What is fill efficiency, and why does it matter?
Fill efficiency is the fraction of the tubing volume below the operating gas lift valve that is actually filled with liquid at the time of gas injection. High fill efficiency (80-100%) means the gas slug is pushing a full, dense liquid slug to surface and the lifting work is efficiently used. Low fill efficiency means the gas slug enters mostly gas-filled tubing, expands rapidly, breaks through quickly, and delivers little liquid — a waste of compression energy. Downhole pressure gauges measuring the buildup of tubing pressure between injection cycles give the clearest picture of actual fill rate.
Can intermittent gas lift work in deviated or horizontal wells?
Intermittent gas lift is most effective in vertical or near-vertical wellbores where gravity assists liquid slug accumulation and the gas-liquid interface remains stable. In highly deviated wells, the liquid slug tends to settle on the low side of the tubing and slippage increases substantially, reducing efficiency. Horizontal sections are generally not amenable to intermittent gas lift.
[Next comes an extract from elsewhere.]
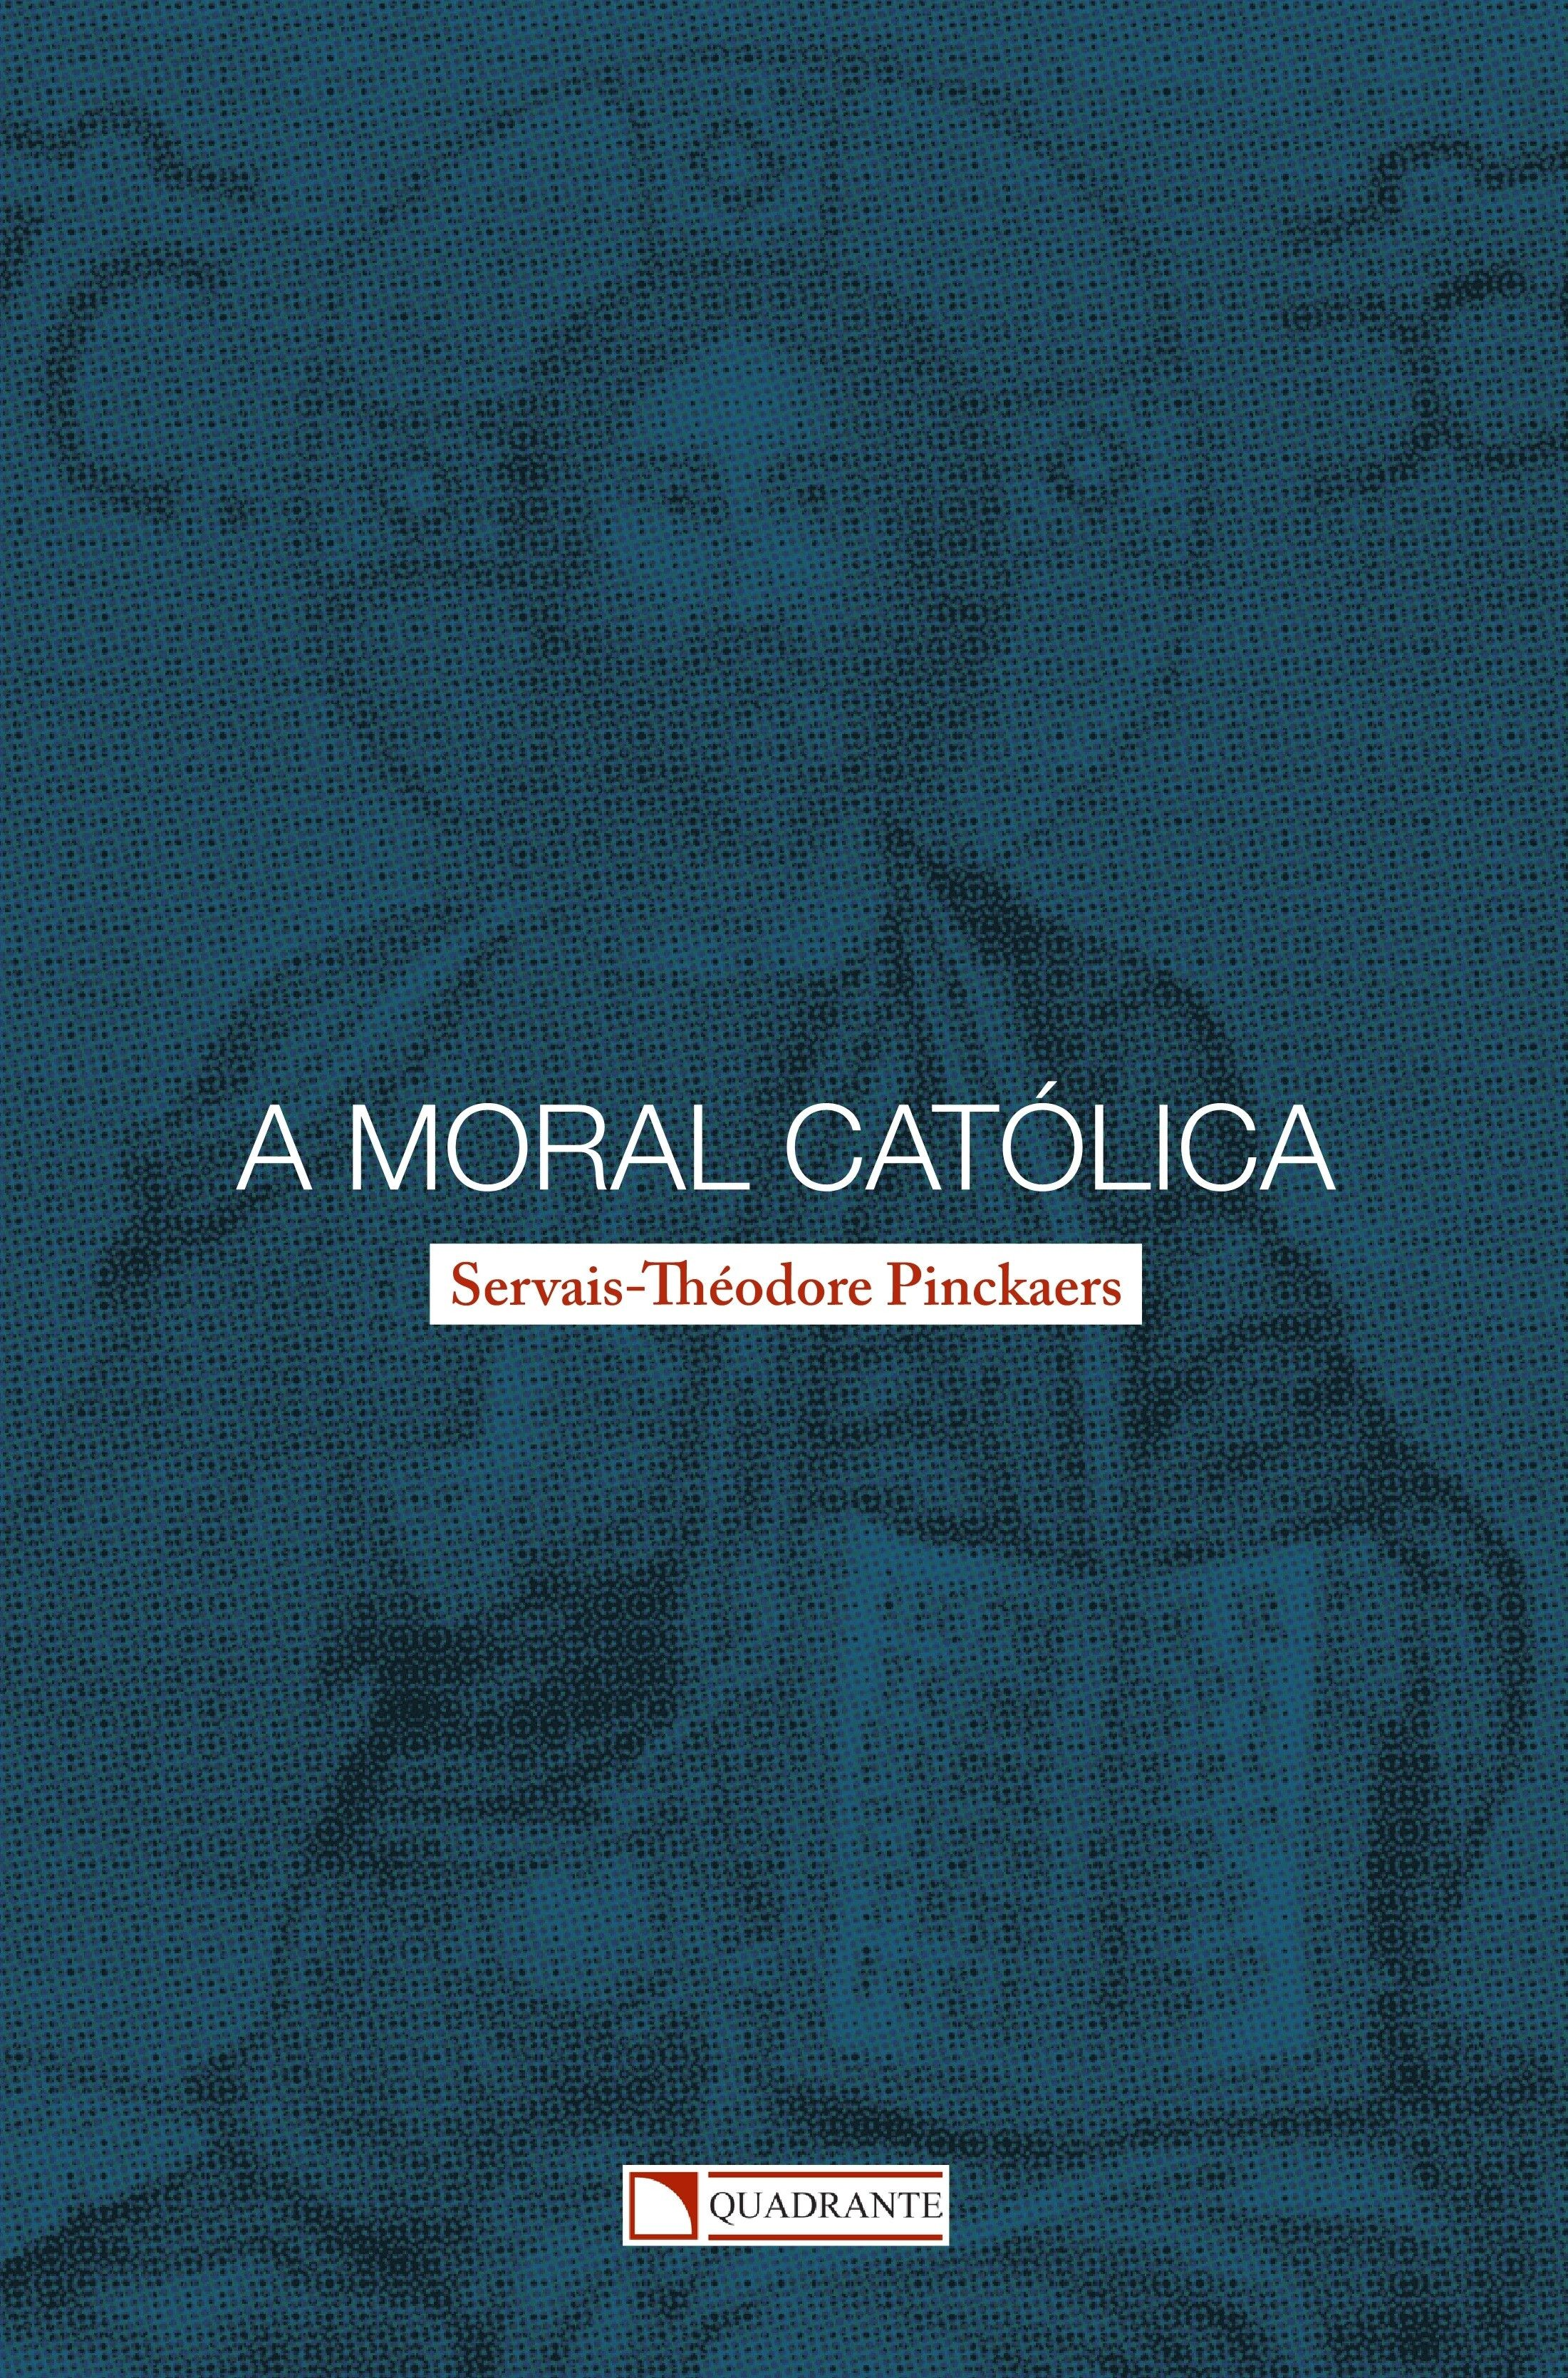 Livro A Moral católica

For highly deviated producers with low liquid rates, electric submersible pumps (ESPs) or progressive cavity pumps (PCPs) are usually more effective artificial lift options.
Why Intermittent Gas Lift Matters in Oil and Gas
As oil fields mature and reservoir pressure declines, many wells that once flowed naturally or produced well under continuous gas lift fall below the rate threshold where continuous lift remains economic. Intermittent gas lift extends the productive life of these wells by matching the lift method to the well's actual deliverability, recovering reserves that would otherwise be left behind. In gas lift fields with hundreds of wells on shared compression, proper intermittent lift design and cycle optimization can also reduce total compression horsepower requirements and operating costs across the entire system.